O(log n) lookup time vs O(n) for full scan
Sorted order enables range queries and ORDER BY
Leaf nodes are linked for efficient range scans
Works for: =, <, >, <=, >=, BETWEEN, LIKE 'prefix%'

What is a composite index and how does column order matter?

-- Composite index on (country, city, created_at)
CREATE INDEX idx_location_date ON users(country, city, created_at);
 
-- Uses full index (all 3 columns)
SELECT * FROM users
WHERE country = 'US' AND city = 'NYC' AND created_at > '2024-01-01';
 
-- Uses first 2 columns
SELECT * FROM users WHERE country = 'US' AND city = 'NYC';
 
-- Uses first column only
SELECT * FROM users WHERE country = 'US';
 
-- CANNOT use index efficiently (skips first column)
SELECT * FROM users WHERE city = 'NYC';  -- Full scan!
 
-- CANNOT use index efficiently (range on non-last column)
SELECT * FROM users WHERE country = 'US' AND created_at > '2024-01-01';
-- Only uses 'country', then scans

Index column order rule: Place columns in order of:

Equality conditions first (=)
Range conditions last (<, >, BETWEEN)
Higher cardinality before lower (usually)

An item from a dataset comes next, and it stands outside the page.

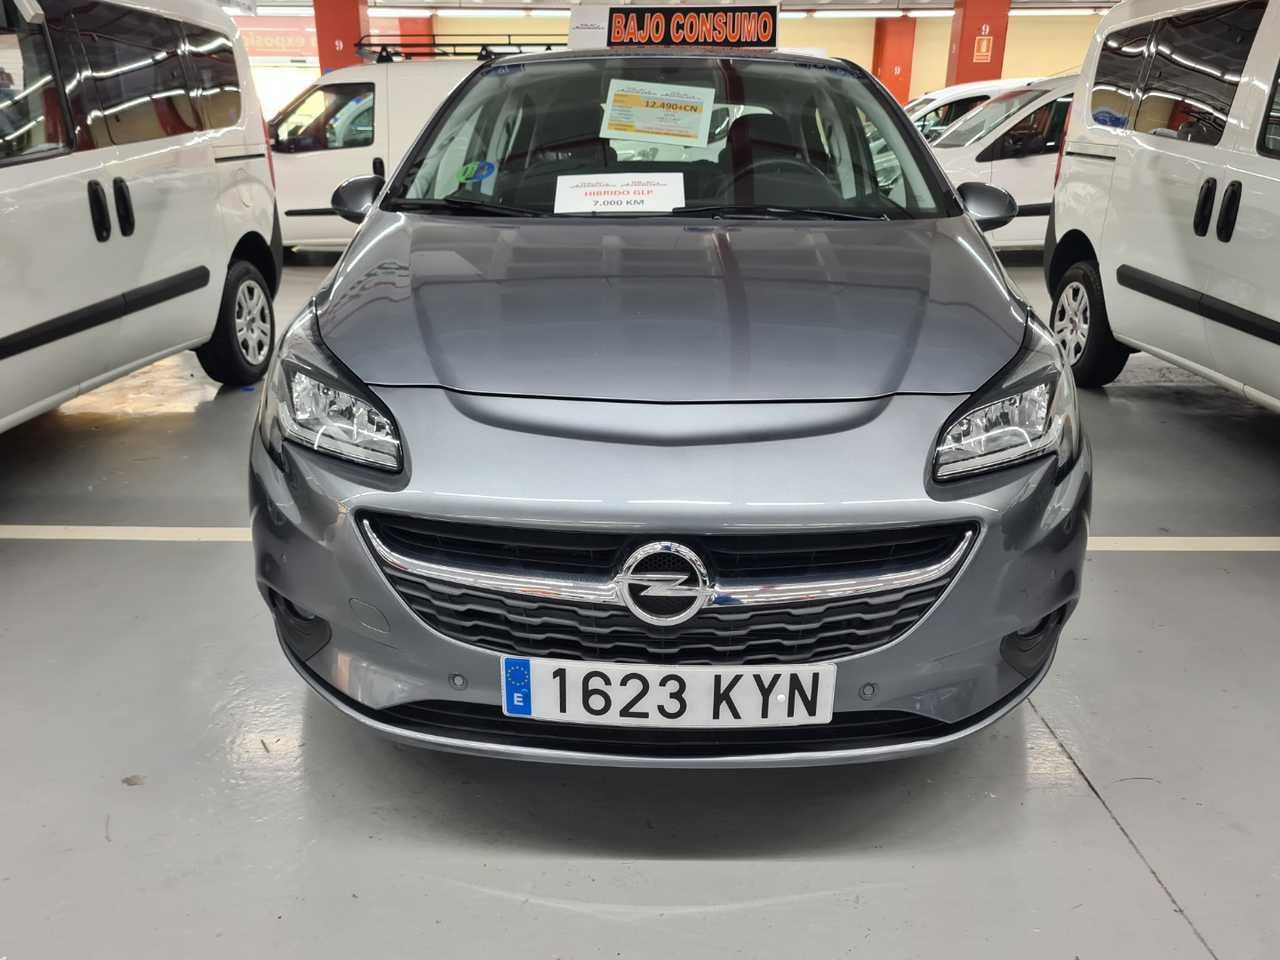 Opel Corsa 1.4 90CV HIBRIDO GLP CORSA 120 MANIVERSARIO EDICION  - Foto 1

What index types are available beyond B-tree?

-- PostgreSQL index types
 
-- Hash index: Only equality, faster for = but not <, >
CREATE INDEX idx_email_hash ON users USING HASH (email);
 
-- GIN (Generalized Inverted Index): Arrays, JSONB, full-text
CREATE INDEX idx_tags ON articles USING GIN (tags);
CREATE INDEX idx_metadata ON products USING GIN (metadata jsonb_path_ops);
CREATE INDEX idx_search ON documents USING GIN (to_tsvector('english', content));
 
-- GiST (Generalized Search Tree): Geometric, range types, full-text
CREATE INDEX idx_location ON places USING GIST (coordinates);
CREATE INDEX idx_schedule ON events USING GIST (time_range);
 
-- BRIN (Block Range Index): Large sequential data, minimal storage
CREATE INDEX idx_created ON logs USING BRIN (created_at);

Index Type	Use Case	Size	Query Types
B-tree	General purpose	Medium	=, <, >, range, ORDER BY
Hash	Equality only	Small	= only
GIN	Arrays, JSONB, text	Large	Contains, overlap
GiST	Geometric, ranges	Medium	Spatial, range overlap
BRIN	Time-series, sequential	Tiny	Range on sorted data

What is a covering index and how does it enable index-only scans?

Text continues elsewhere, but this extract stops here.